I have a stainless single six 22 mag with a 6 In barrel. One of my favorite pistols. I squirrel hunt with it almost exclusively these days. Excellent pistol and extremely accurate.

I carry it in a leather cross draw holster and have taken a lot of squirrel and rabbit with it. They do make a model with a scope rail but it's much more fun to shoot open sights with it IMO.

If you find one for a decent price jump on it, it's an excellent shooter.

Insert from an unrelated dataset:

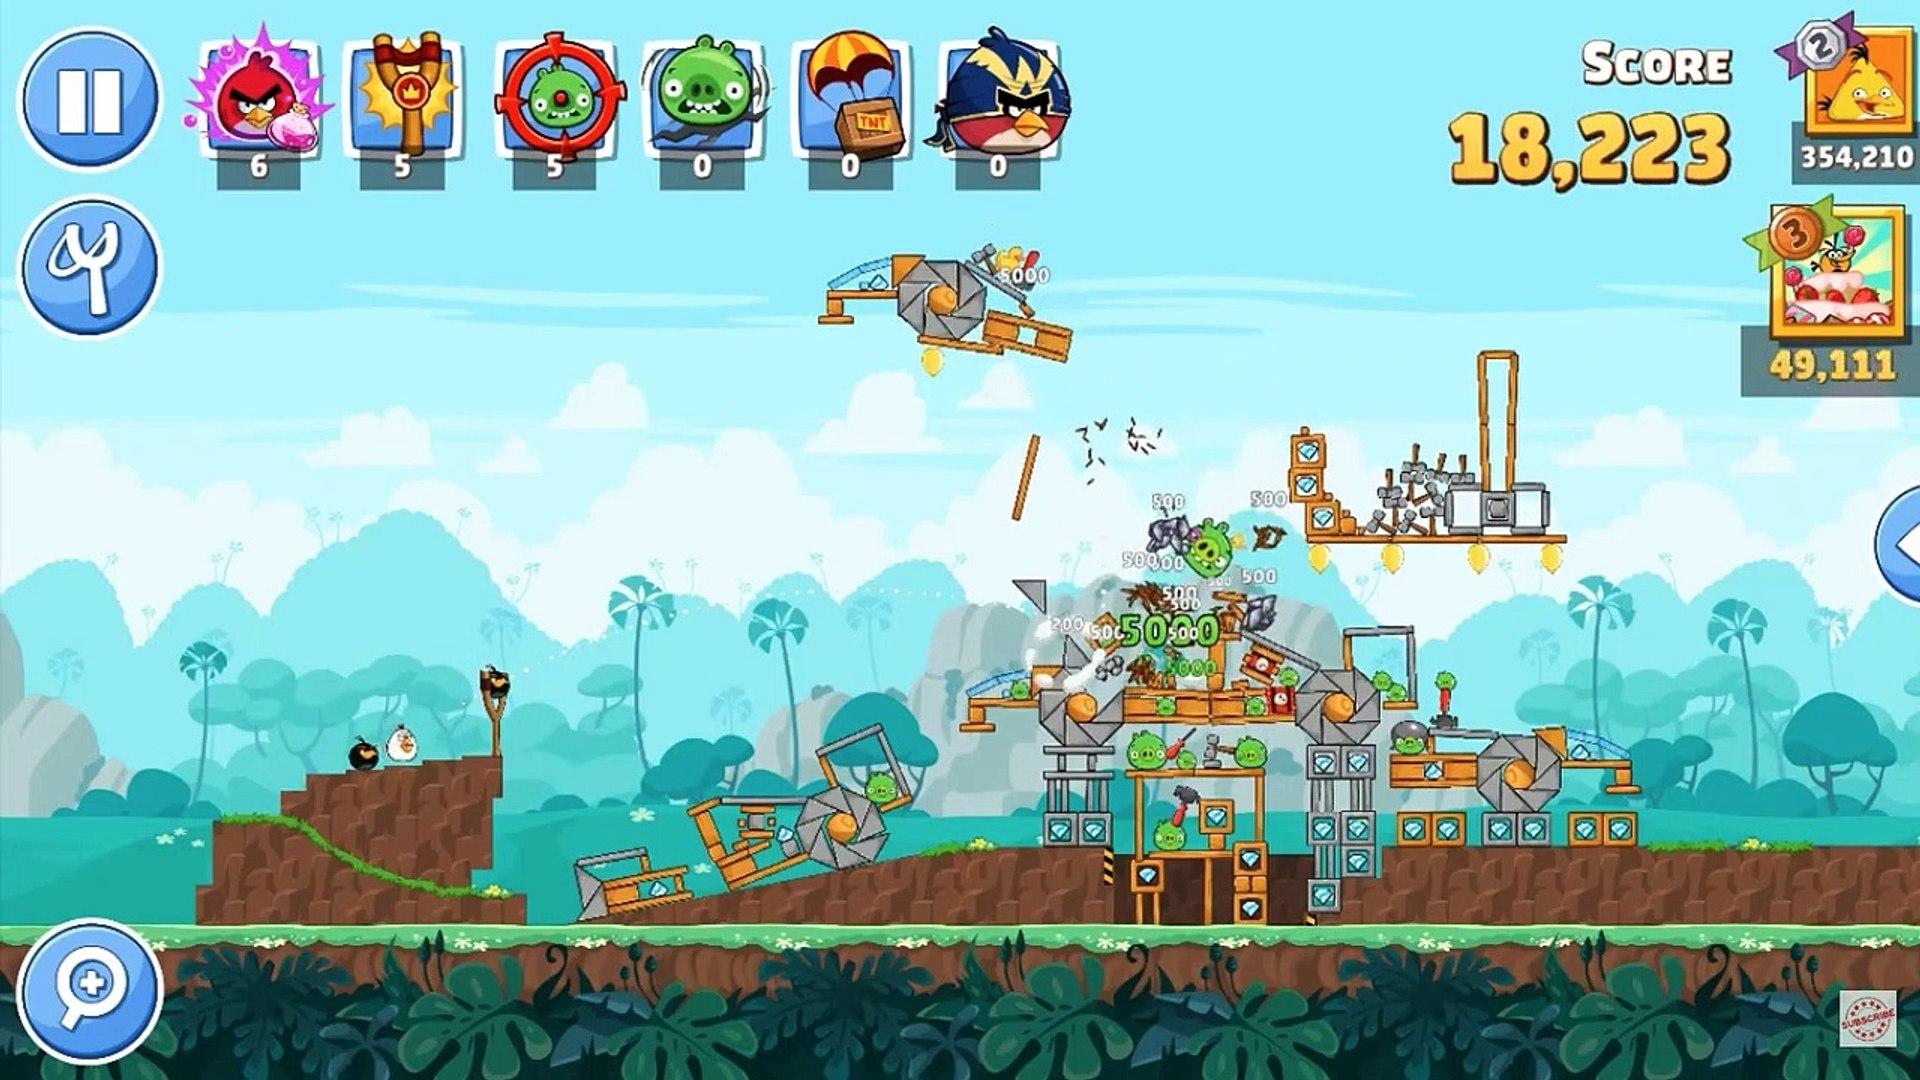 Angry Birds Friends - Gameplay Walkthrough part 2 - Angry Birds Friends - Procédure pas à pas de gam
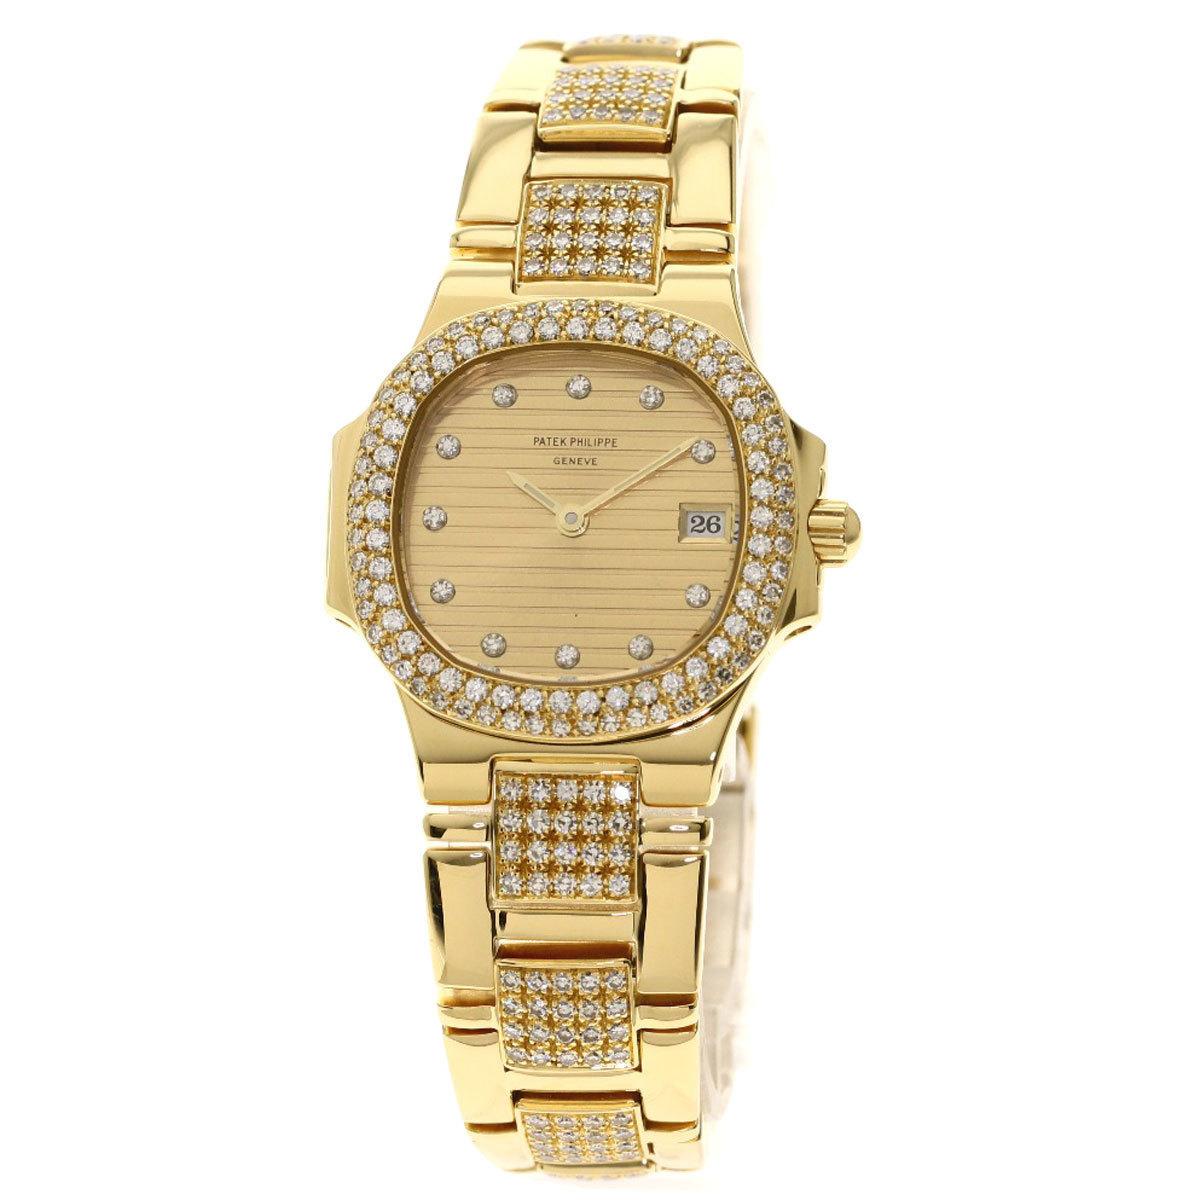 Patek Philippe 4700 55J-011 Nautilus Diamond Maker Complete Watch K18 Yellow Gold K18YG Ladies

http://imageshack.us/a/img267/1761/imagepde.jpg


----------



## saskredneck (Oct 19, 2010)

I'll have to see what I can find. Not much selection around here. Might have to order one. Gonna wait for the price of wheat to go up first. Lol


----------



## christopher (Oct 10, 2010)

gona wheat it out eh


----------



## saskredneck (Oct 19, 2010)

Lol.


----------



## singlesix (May 13, 2010)

Look at my avatar , this is my favorite gun, Ruger single six hunter. This gun has seen alot of jack rabbits. Shoots great looks good, will last forever.


----------



## vtguy17 (Dec 17, 2012)

Love the single six, couldnt get the link I posted above to work, here is a pictures of mine.


----------



## Scotty D. (Feb 23, 2012)

I'd like to get one of those Kel-Tec PM-30 's...Darn price jumped nearly $200 after they went thru the the top gun/weapons magazine reviews & came out on the A+ side...


----------



## fr3db3ar (Aug 6, 2011)

While the Ruger is a great gun, it was out of any budget I put up for handguns. I have a Taurus Tracker 7 shot WMR revolver and love it. I put a Weiner? mount for my red dot and it hits anything I point it at.


----------



## bowhunter1 (Jan 22, 2012)

I just got a ruger single six from my dad .Its been in the family since its 1973 build date and when I got it in original box ,both 22lr and 22mag cylinders and everything that came with it new, it maybe had 100 rounds shot through it . Well Ive put at least another through it and its is an awsome gun . If I wasnt given this one and was in the market for a 22 revolver this would be the one I would buy.


----------